Make sure you have the latest version of Node.js installed.
- Install dependencies -
npm install
- Run the scrapper -
npm run start
- Run the parser -
npm run parse
- To use the parser, the program will query OpenAI's API. You need to have an account and an API key. You need to create an account at OpenAI and get a free API key.
- Once this is done, create a .env file with your API key. Example:
OPENAI_API_KEY=sk-1234567890
- Run a separate file - Example:
npm run only-script src/lib/openai.ts
This project uses:
- As our crawler/scrapping framework: (Crawlee)[https://github.com/apify/crawlee]
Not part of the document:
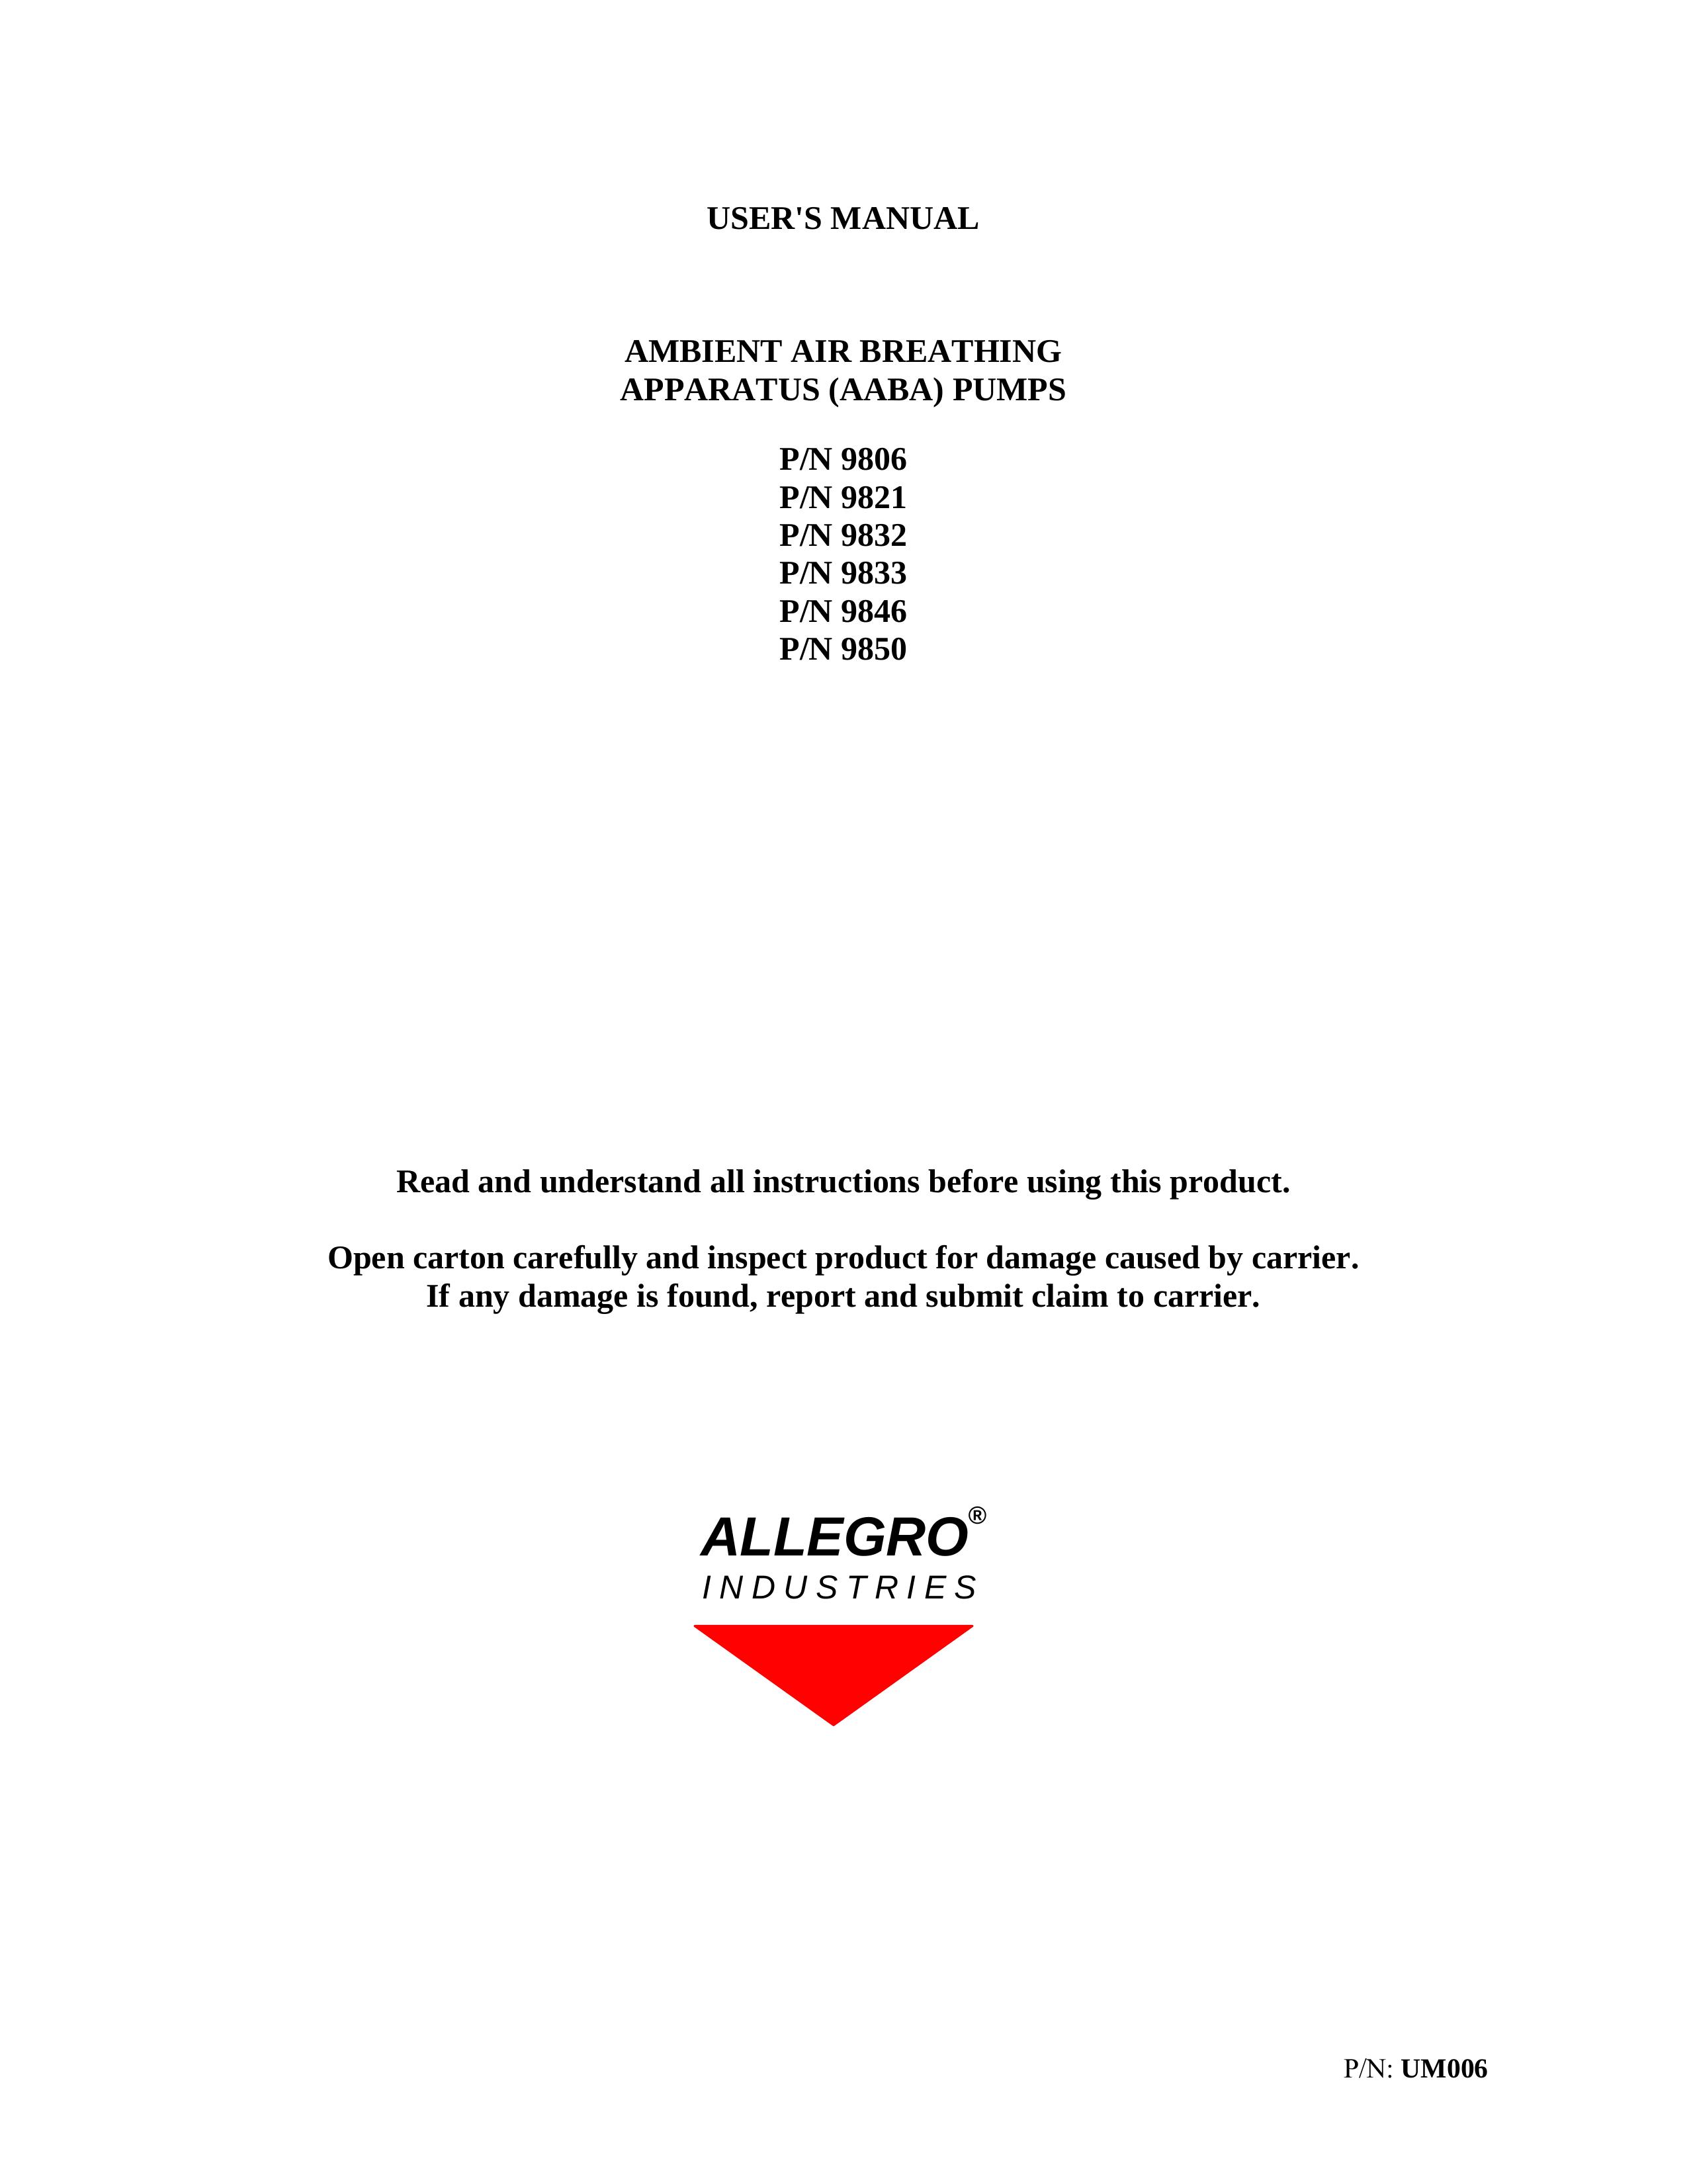 Allegro Industries 9846 Oxygen Equipment User Manual

- And for backing the scrapping: (Puppeteer)[https://pptr.dev/]
-
Main.ts = Extract the code that returns the correct sites to be scrapped to a separate file, so that it can be easily changed.
-
Scrapper = Improve the data scrapping. Currently we extract all the texts from the HTML pages, but how do we identify only texts that are relevant to be scrapped?
-
Parser = Improve data cleaning, given the data extracted from the HTML pages. How do we know which data is relevant to be kept?
-
Support OpenAI = Test different prompts that extracts the site info.
-
Support other types of text summarization = Test different text summarization algorithms. Currently we are using the OpenAI API, but we could use other models, APIs or algorithms.